Always report side effects to your veterinarian, as they might indicate a change of dosage is needed.
Prozac for Cats
Prozac for cats can be extremely useful in curbing stress-induced behaviors.
However, a vet prescription is required to give your cat this medication.
You should work closely with your vet when giving your cat Prozac to figure out the best dosage for her.
It is imperative to take your cat to the vet if they experience stress-induced behaviors.
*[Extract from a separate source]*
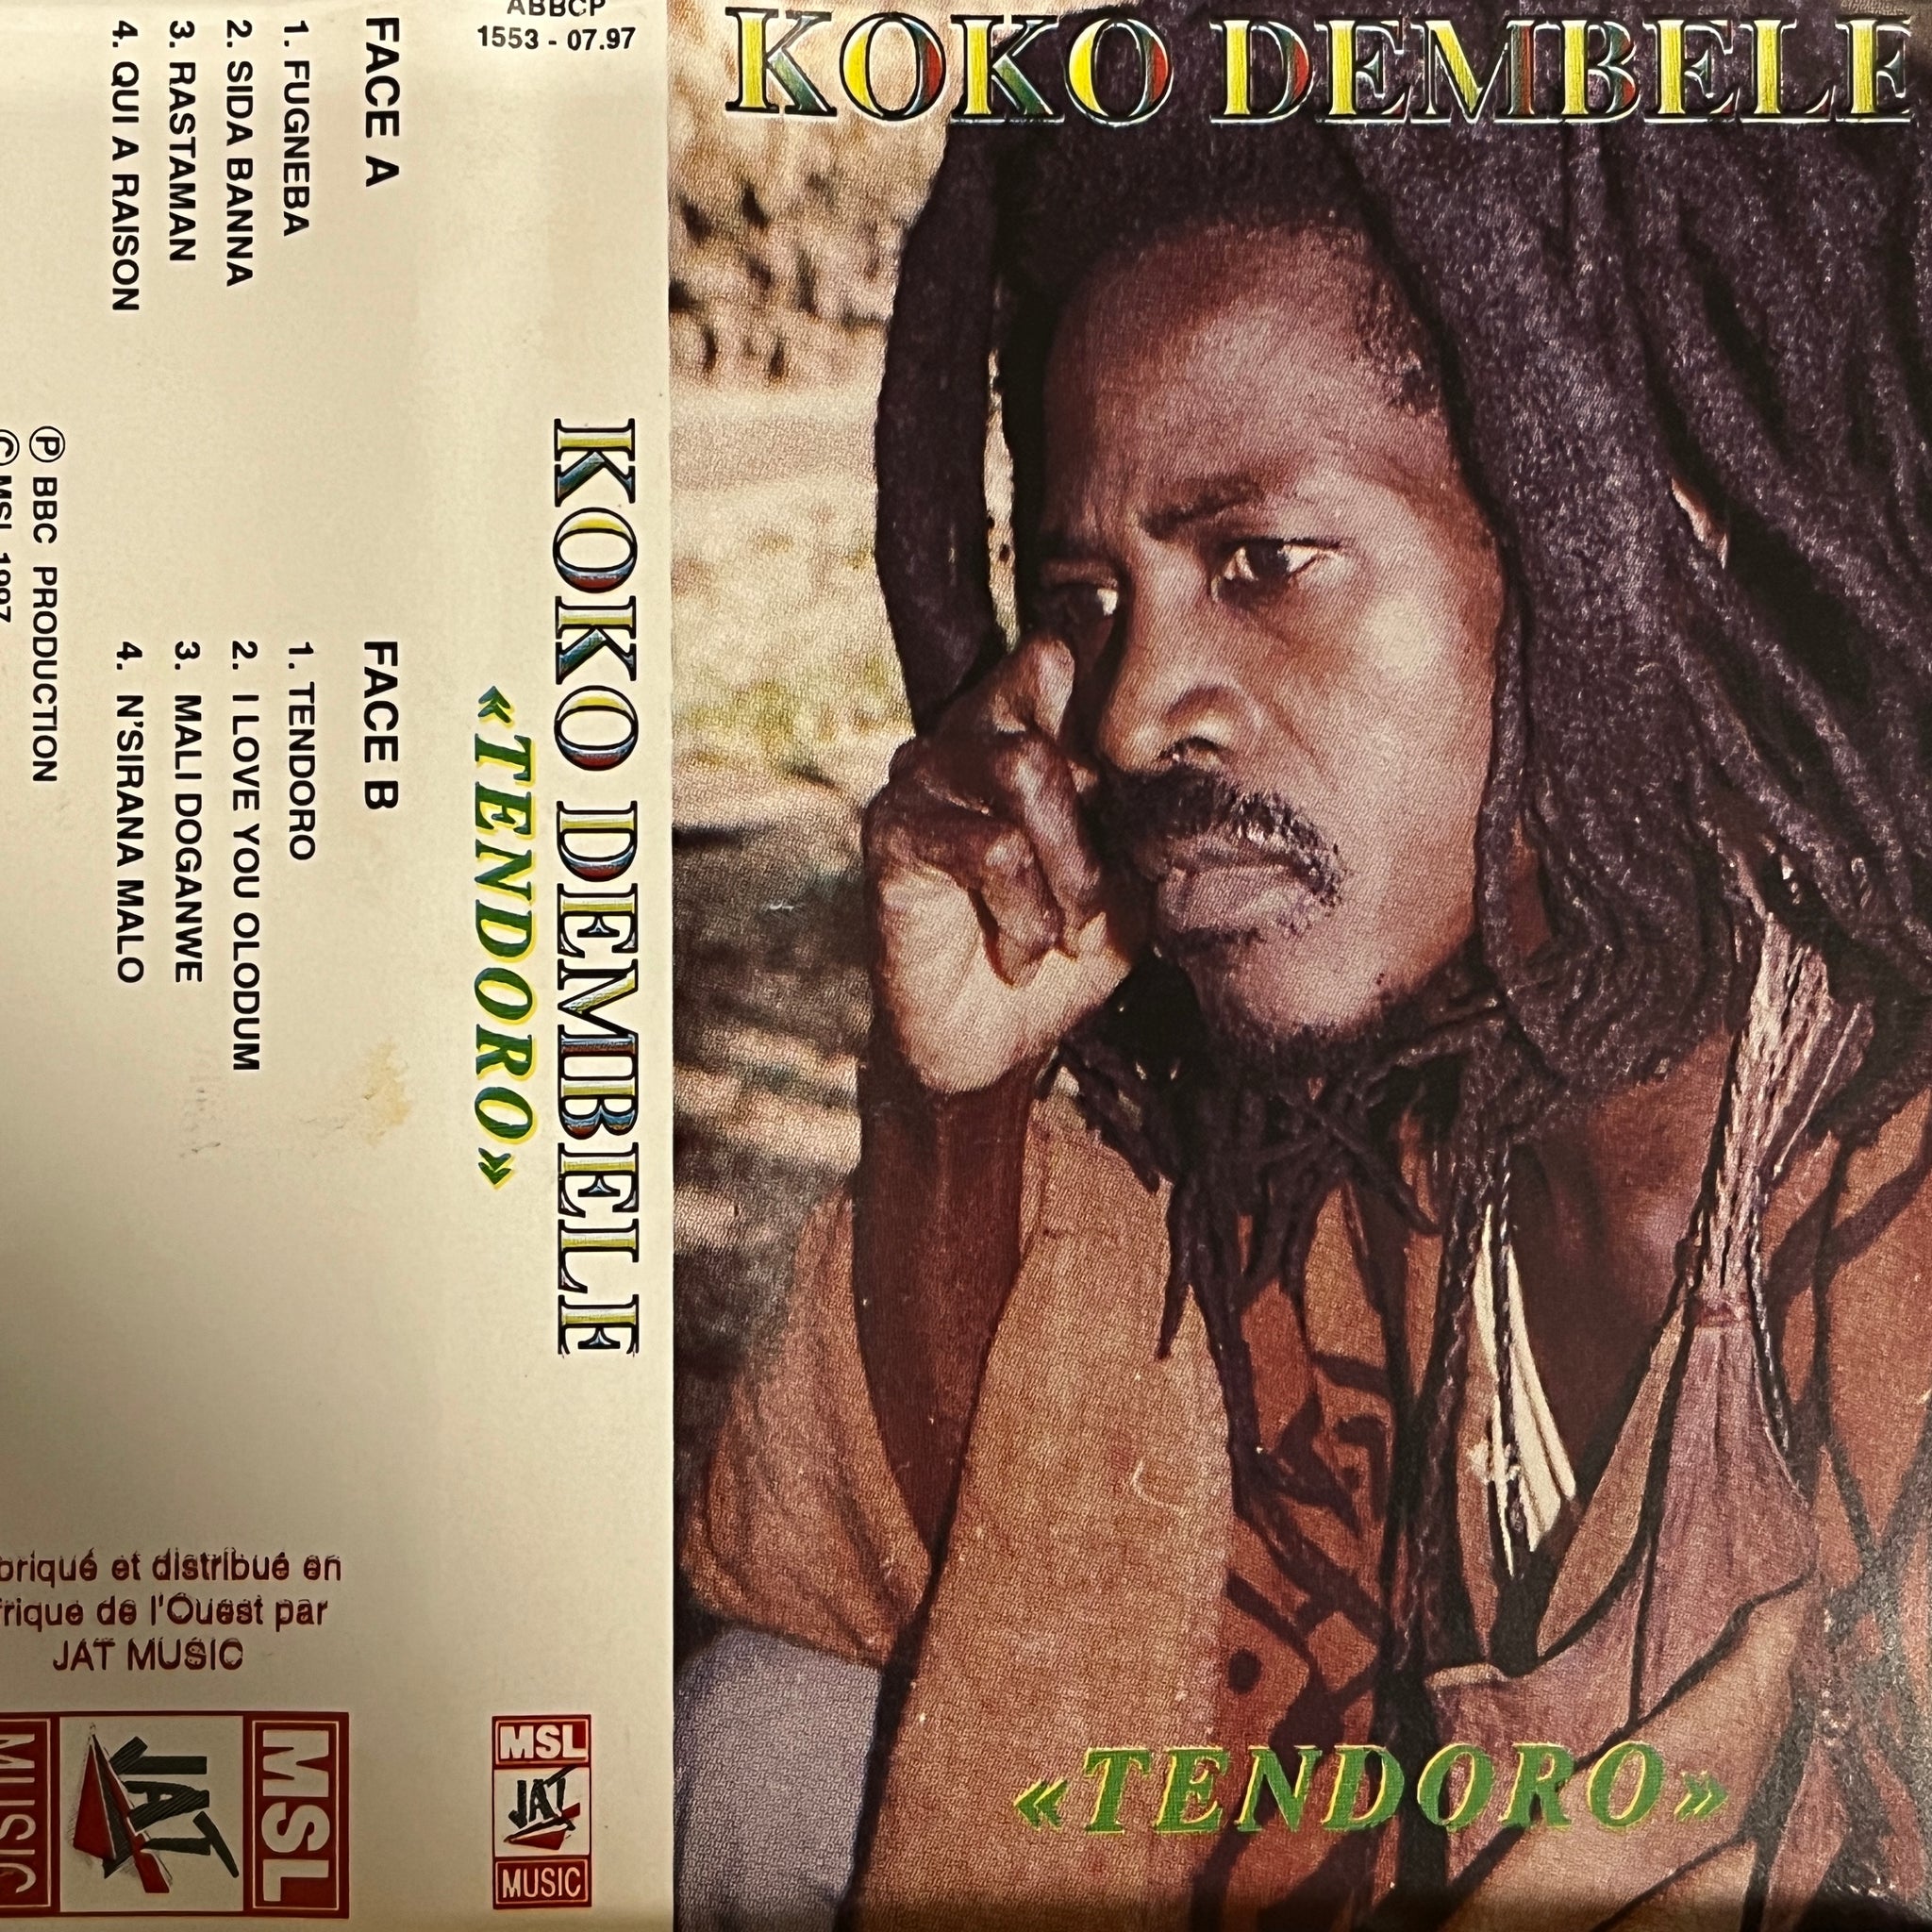 Koko Dembele – Tendoro

These behaviors can be signs of an underlying problem or anxiety disorder. Medication can help.
References and Further Reading
Siegel, Jerome. “Serotonergic inhibition of amygdala-kindled seizures in cats.” Brain Research. 1979.
Hart, Benjamin. “Control of urine marking by use of long-term treatment with fluoxetine or clomipramine in cats.” Journal of the American Veterinary Medical Association. 2005.
Curtis, Terry. “Human-Directed Aggression in the Cat.” College of Veterinary Medicine. 2008.
Ciribassi, John. “Comparative bioavailability of fluoxetine after transdermal and oral administration to healthy cats.” American Journal of Veterinary Research. 2003.
Kaur, Gagendeep. “The use of fluoxetine by veterinarians in dogs and cats: a preliminary survey.” Veterinary Record Open. 2016.
Slater. “Inhibition of REM sleep by fluoxetine, a specific inhibitor of serotonin uptake.” Neuropharmacology. 1978.